■ **PROBLEM TO SOLVE**:
No picture belongs in the copy. Repeat each line below exactly.

### STORED DATA

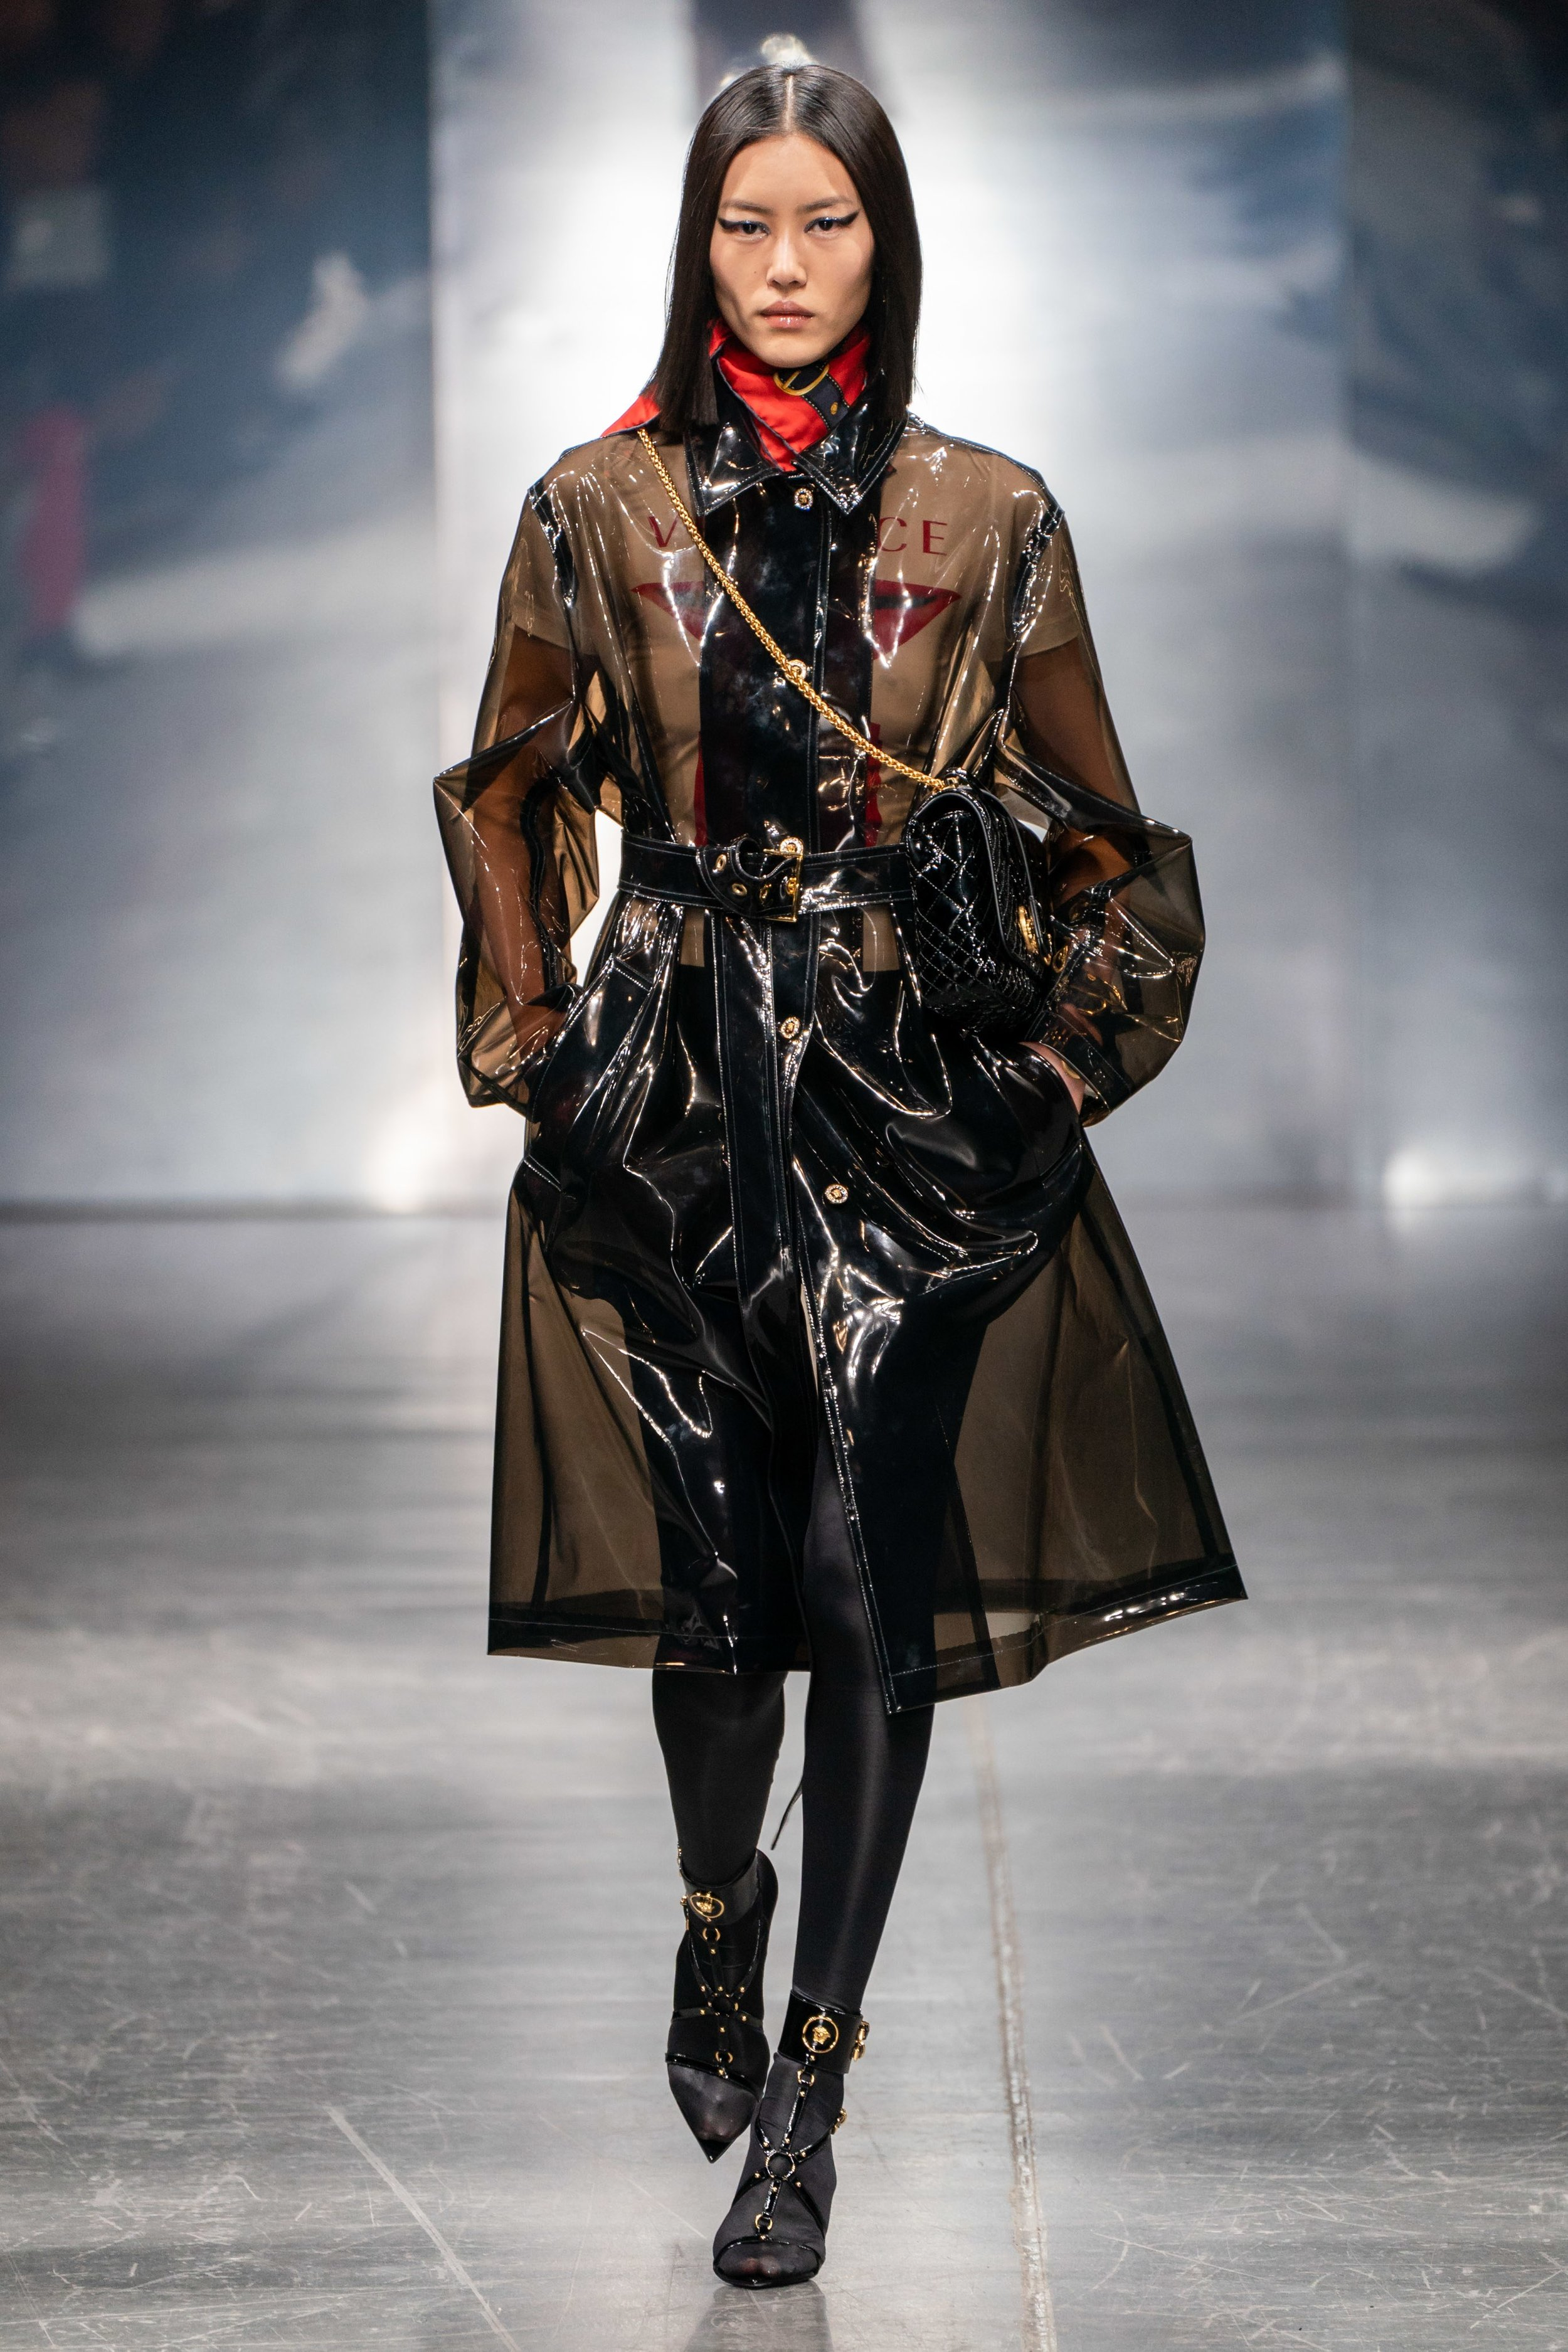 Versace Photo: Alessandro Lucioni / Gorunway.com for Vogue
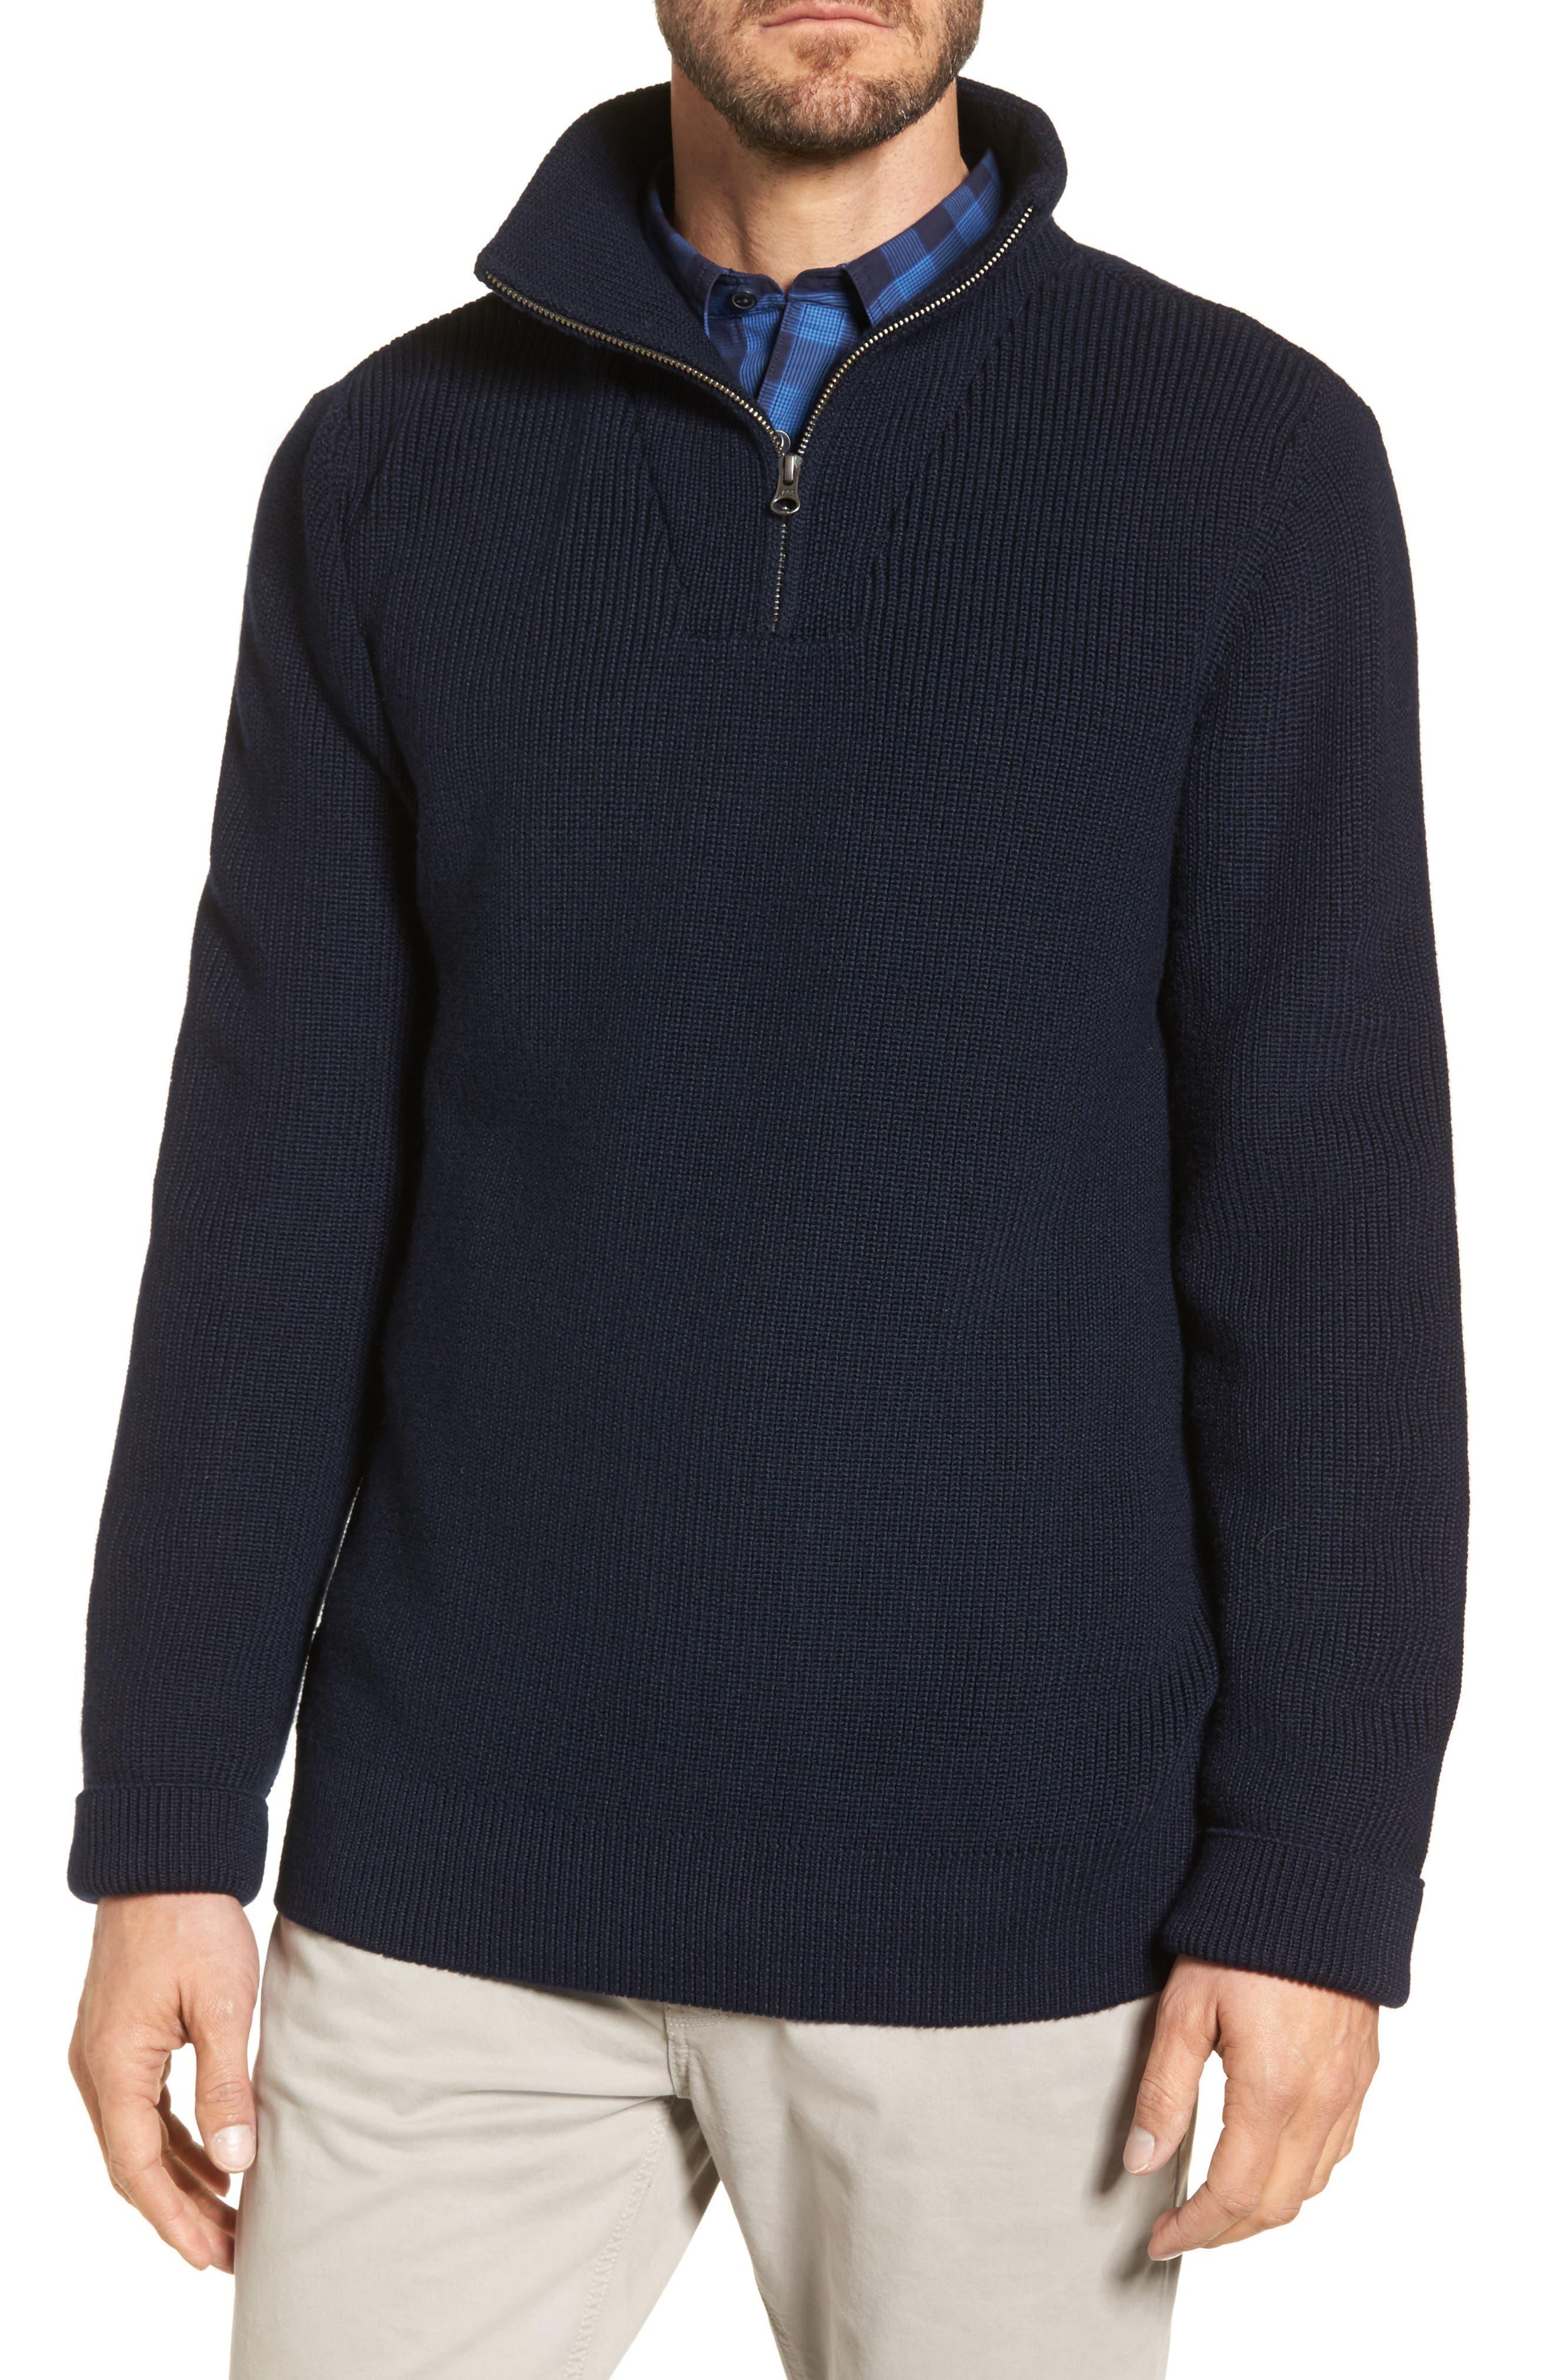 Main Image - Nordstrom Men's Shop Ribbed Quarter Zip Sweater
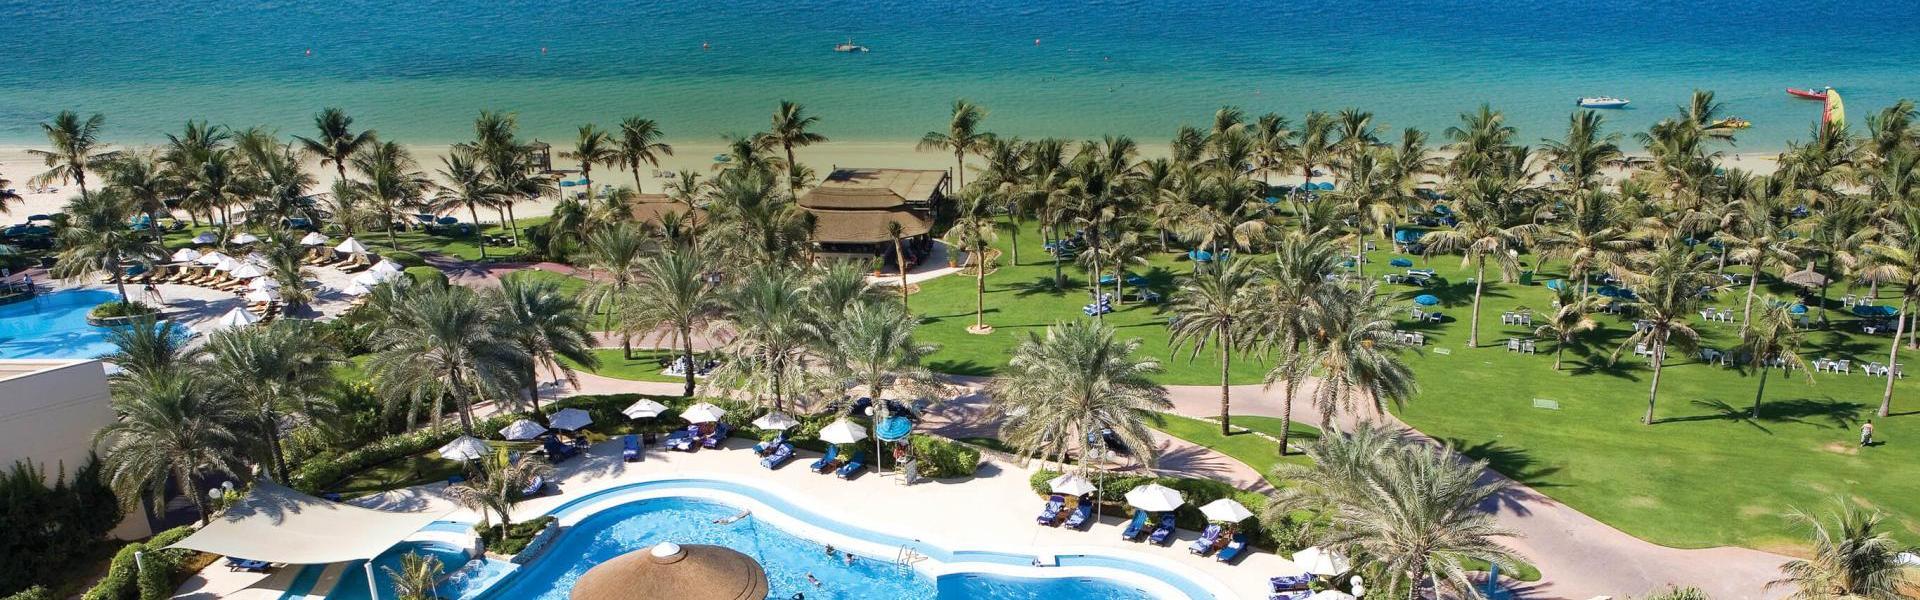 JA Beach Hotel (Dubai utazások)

######

■ **RESPONSE**:
 Versace Photo: Alessandro Lucioni / Gorunway.com for Vogue
 Main Image - Nordstrom Men's Shop Ribbed Quarter Zip Sweater
 JA Beach Hotel (Dubai utazások)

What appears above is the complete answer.